- SOURCE MATERIAL -

+ + + + +

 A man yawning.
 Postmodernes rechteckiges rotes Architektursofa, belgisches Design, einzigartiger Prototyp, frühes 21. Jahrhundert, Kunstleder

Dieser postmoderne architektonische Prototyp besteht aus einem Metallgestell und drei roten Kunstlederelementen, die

+ + + + +

- TASK STATEMENT -
State how many lines of the listing include "Prototyp", and write nothing else.

- RESPONSE AREA -
2